WASHINGTON — House lawmakers are assessing proposals to revamp the federally backed student-loan market, a move that could lead to private lenders being cut out of the marketplace.
A House Education and Labor Committee hearing held Thursday focused on possible changes to the student loan market, where one major option proposed by the Obama administration is for the U.S. Education Department to become the main provider of student loans.
"Students shouldn't have to worry whether the roller coaster fluctuations of the financial markets will hurt their college opportunities," said Rep. George Miller, D-Calif., the chairman of the committee.

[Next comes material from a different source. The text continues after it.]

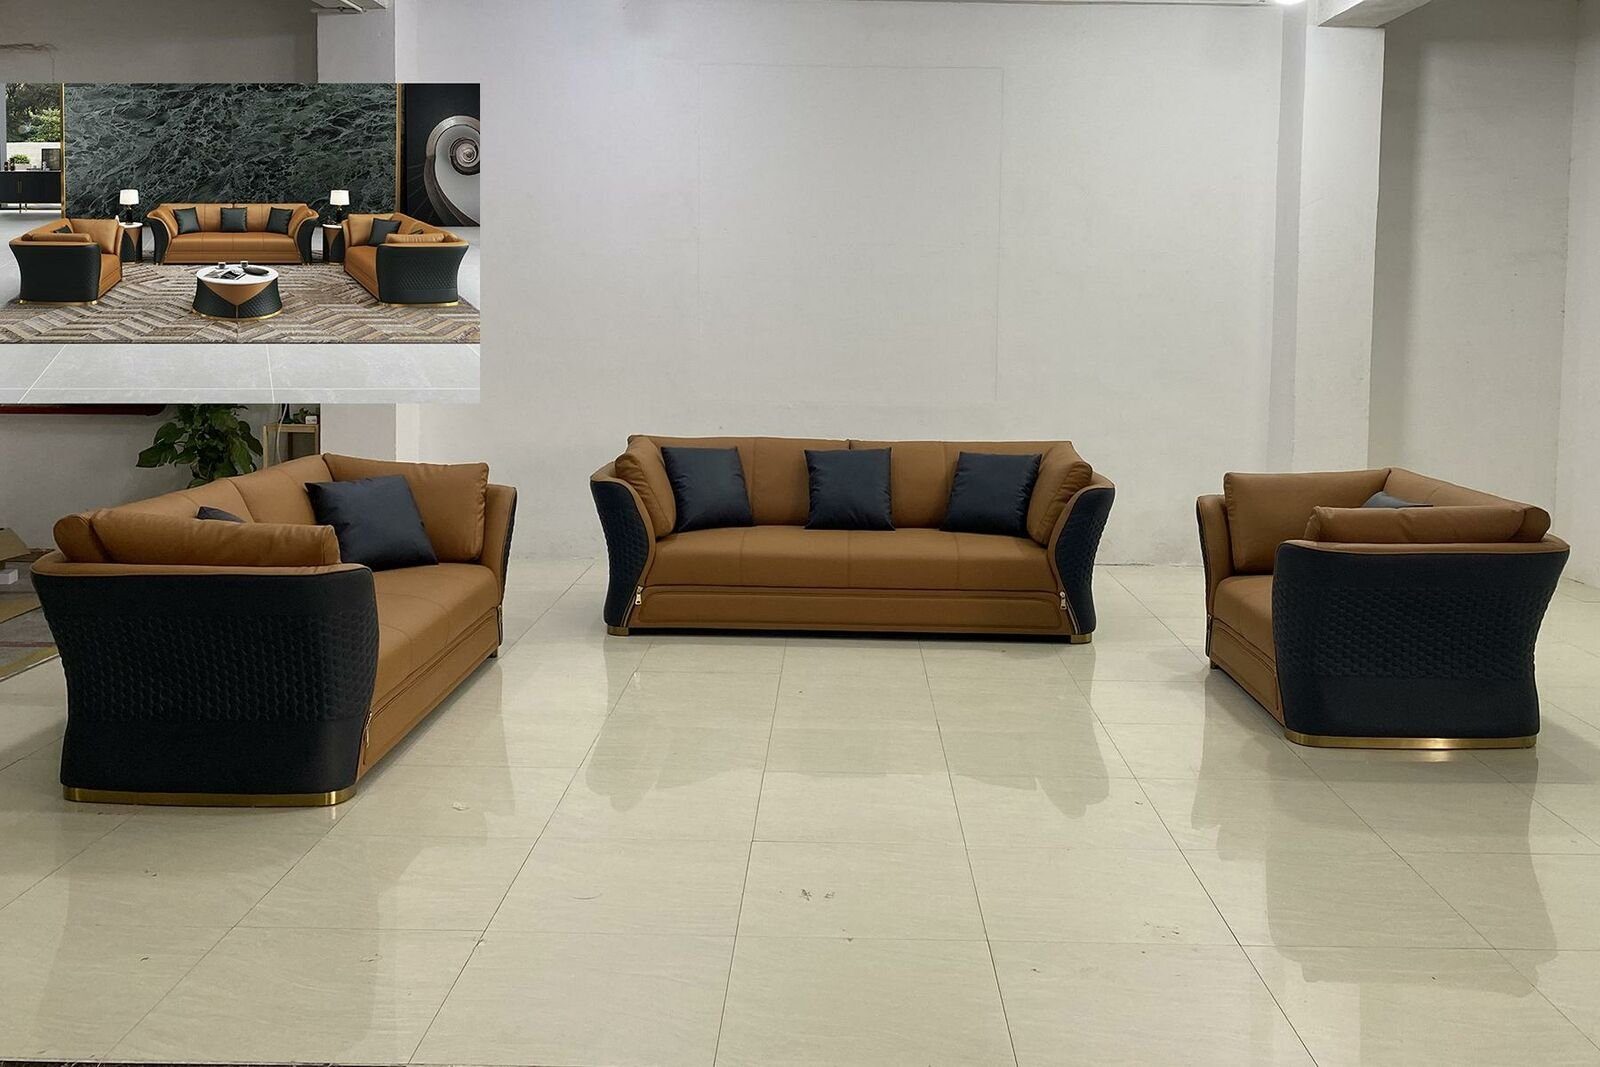 Neu, Schwarz/Braun Sofa Sitzer Polstermöbel Luxus in Leder Made 3+2+1 Sitzgarnitur Europe JVmoebel

The proposal to reduce private participation in the student loan market was a major component of President Barack Obama's budget request. According to the nonpartisan Congressional Budget Office, the policy change could save taxpayers $94 billion over the next decade. That money would then be reinvested in federal grants for lower-income students to help offset the cost of going to college.
However, opponents of the plan are contesting the legitimacy of the savings amount. Ohio University economics professor Richard Vedder, testifying before the panel, said the CBO estimate did not take into account additional administrative costs.

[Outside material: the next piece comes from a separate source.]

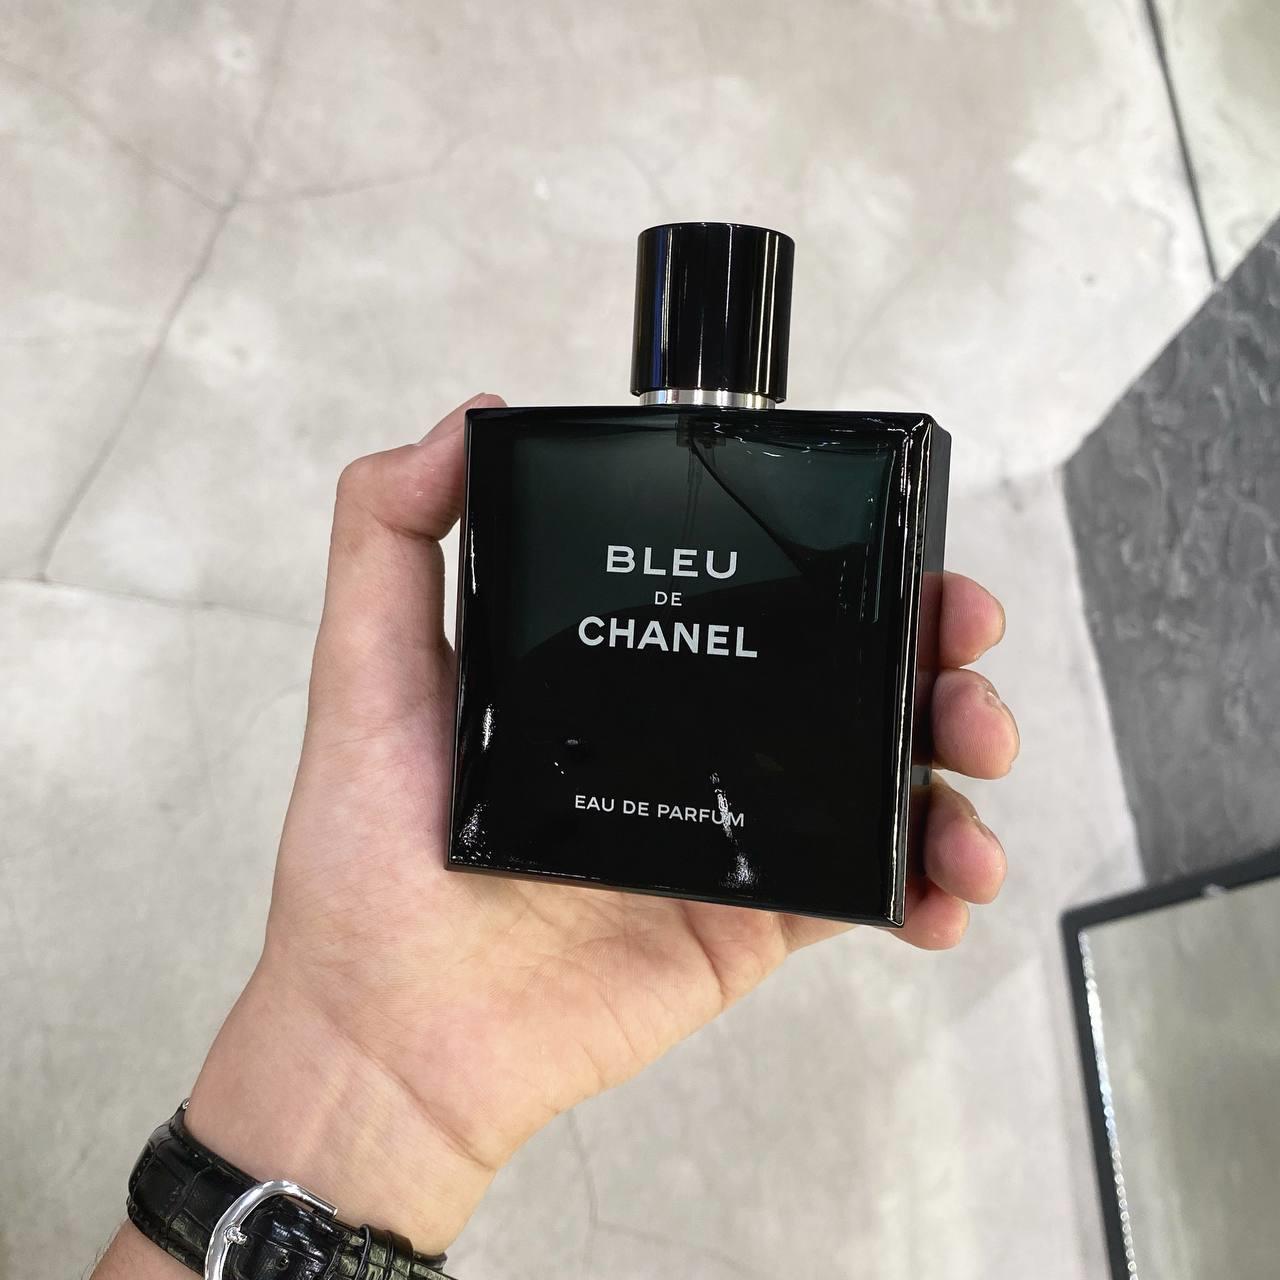 Nước hoa nam Chanel Bleu EDT 100ml chính hãng Pháp  PN22542

When pressed by Rep. Robert Andrews, D-N.J., on whether he was sure his statement was correct, Vedder responded in a brief gripe, "I'm not sure what I said is right; neither are you."
Vedder said lawmakers should look at ways to reduce the cost of education by addressing the admission fees charged by institutions.

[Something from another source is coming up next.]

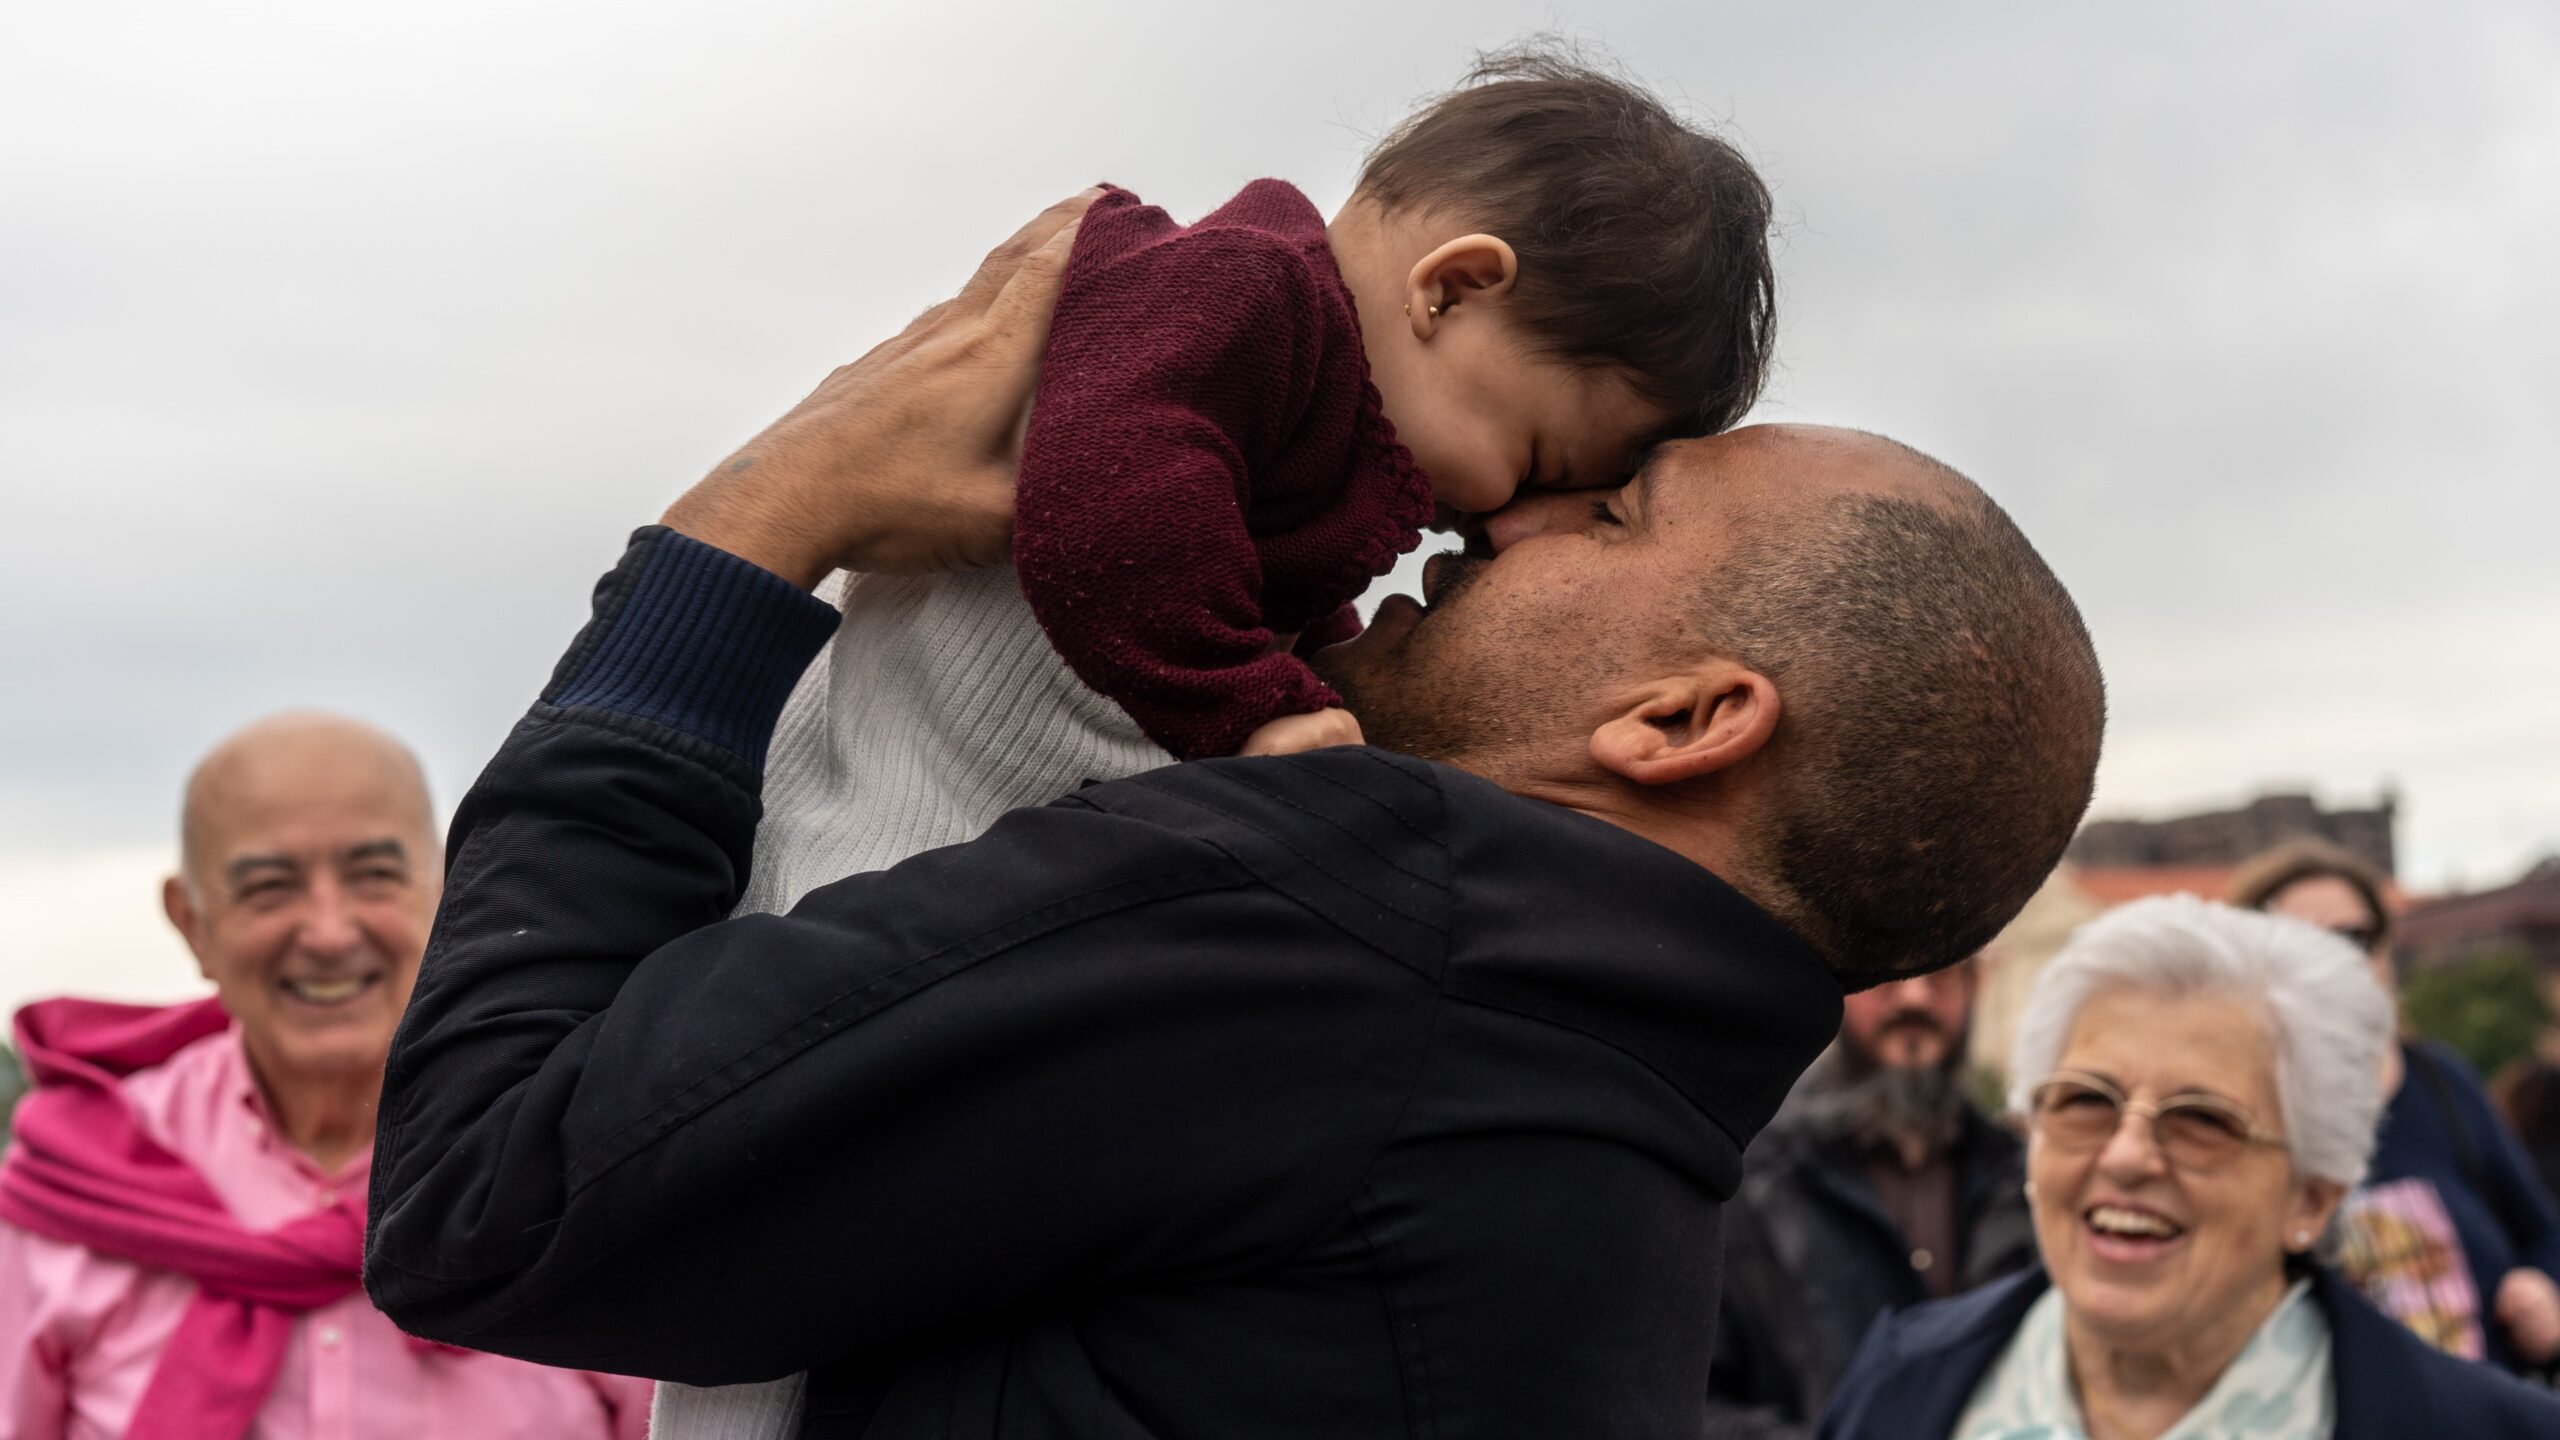 Syrische vluchteling Minwar met zijn dochtertje in Spanje, 2019. © UNHCR/Markel Redondo

Among others who testified before the committee were Bob Shireman, deputy undersecretary at the Department of Education and Obama's point man in leading the push on student lending changes, along with Jack Remondi, chief financial officer for the nation's largest student lender, SLM Corp., known as Sallie Mae.
Remondi outlined a plan drafted by Sallie Mae that he said enhances the ideas proposed by the Obama administration. Remondi said Sallie Mae supports Obama's goal and is not trying to preserve lender subsidies, which are paid to lenders by the government for supplying loans to students. Under Obama's plan, those subsidies would be shifted from lenders and used to increase federal grants.
Nonetheless, Sallie Mae's plan includes allowing lenders to continue supplying loans if they meet Education Department criteria, and to allow schools to choose its loan-delivery system, among other solutions proposed.
On the other hand, Shireman highlighted components of Obama's plan that would leverage competition among private firms by providing lenders that do a better job of handling default prevention and customer satisfaction with an increased share of the federal student-loan portfolio to service. "Conversely, those firms that are less adept will have a smaller share of that portfolio to service over time," he said.
While the loans would still be provided directly by the government, the rates paid to lenders for handling collection services would be similar to existing rates, Shireman said after the hearing.
Other concerns raised at the hearing dealt with the cost of implementing Obama's plan, which is referred to as direct loans. Opponents say transitional and additional administrative costs for colleges are likely to lead to delay of loan disbursements, along with other unforeseen issues.
However, Anna Griswold, executive director of Pennsylvania State University's Office of Student Aid, said her university incurred hardly any costs when it implemented its Federal Direct Loan Program in March 2008.
"We did not hire additional staff to covert to direct lending and the cost to convert was within normal budgetary costs required for any adjustments that schools make when regulations change," Griswold said in testimony before the committee.
Still, Republican lawmakers on the panel expressed concern that implementation of Obama's plan would push private lenders out of the equation, tilting market competitiveness in favor of public entities.
"Instead of trying to keep private capital and innovation out of student lending permanently, perhaps we should be looking for ways to bring it back," said Rep. Howard McKeon, the California Republican who is also a ranking member on the panel, alluding to the current credit crisis.